Разумеется, она чувствовала себя не вполне комфортно с некоторыми звероподобными типами, которые встречались среди членов команды. К примеру, одноглазый пират Дермот так ни разу и не улыбнулся ей и даже не произнес ни одного дружелюбного слова. Другие охранники, приставленные к ней в отсутствие капитана, имели такой же жуткий вид и грубый язык и не предпринимали ни малейших попыток наладить дружеские отношения. Она была уверена, что любой шаг к бегству будет пресечен с применением силы, вместе с тем Габриэль не сомневалась, что ей лично ничто не угрожает.

Наконец, она чувствовала, что все на корабле с одинаковым нетерпением ожидают, когда план Рогана, каков бы он ни был, будет доведен до логического конца.

Все эти умозаключения хотя и помогали поддерживать душевное спокойствие, но не избавляли от тягостного ощущения насильственной изоляции.

Она согласилась с тем, чтобы во время утренних визитов, Рогана на остров оставаться целиком на попечении Бертрана. Габриэль уже чувствовала себя с молодым изувеченным моряком вполне непринужденно, так как крайняя неразговорчивость не мешала ему оставаться неизменно учтивым. Она быстро поняла, что за этой учтивостью скрывается человек с твердым характером, не располагающим к тому, чтобы взять над ним верх. Габриэль вспомнила тот день, когда в разговоре с Бертраном она впервые назвала капитана Роганом. Его обычно бесстрастное лицо тут же преобразилось от шока и стремительно повернулось в ее сторону. Габриэль поразило также то странное тепло, разлившееся по ней при мысли, что Роган до этого мало кому открывал свое настоящее имя.
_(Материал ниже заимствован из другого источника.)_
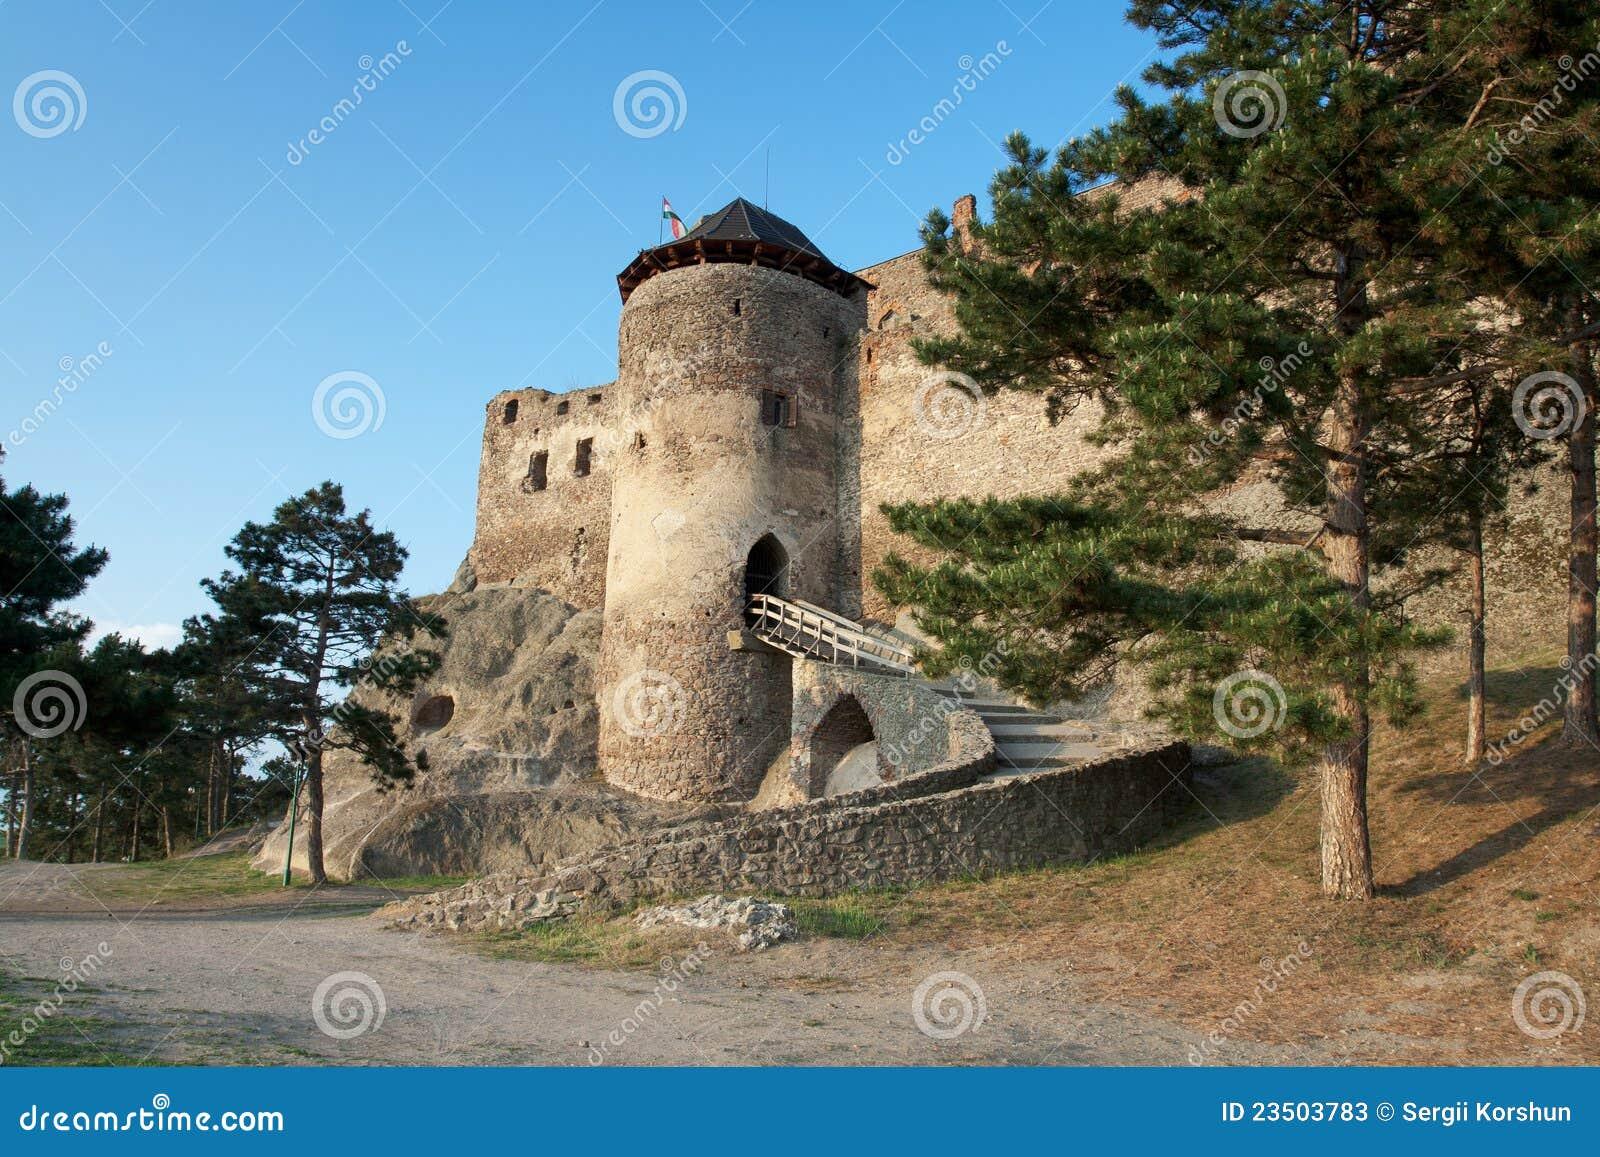 μεσαιωνική περιοχή της Ουγγαρίας κάστρων boldogko tokaj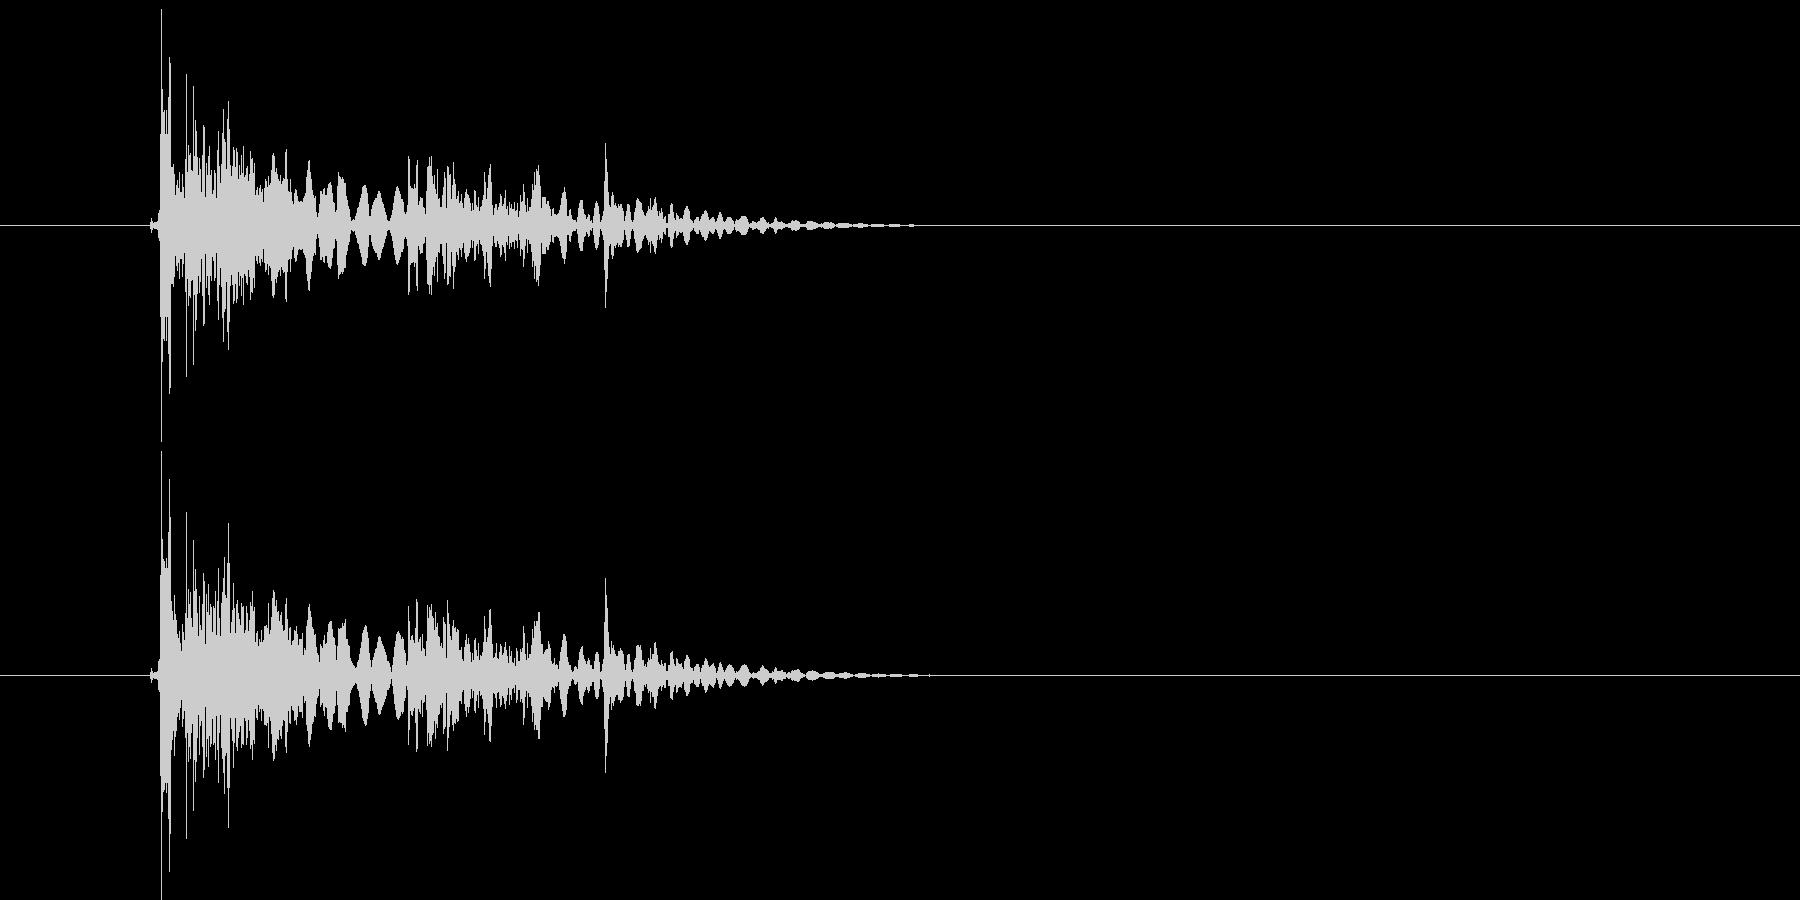 ガンガラガラ(岩が砕けるような効果音)の未再生の波形

Она должна была признать, что, хотя осторожность по-прежнему превалировала в отношениях с ней, обстановка во многом стала более терпимой. Она потребовала сменить ей одежду и тут же получила новый комплект чистой и более удобной матросской формы. Проснувшись на другое утро, она нашла на столе щетку, а затем была удивлена, когда в дверях каюты появился Бертран и сказал, что капитан приказал вывести ее на палубу подышать свежим воздухом.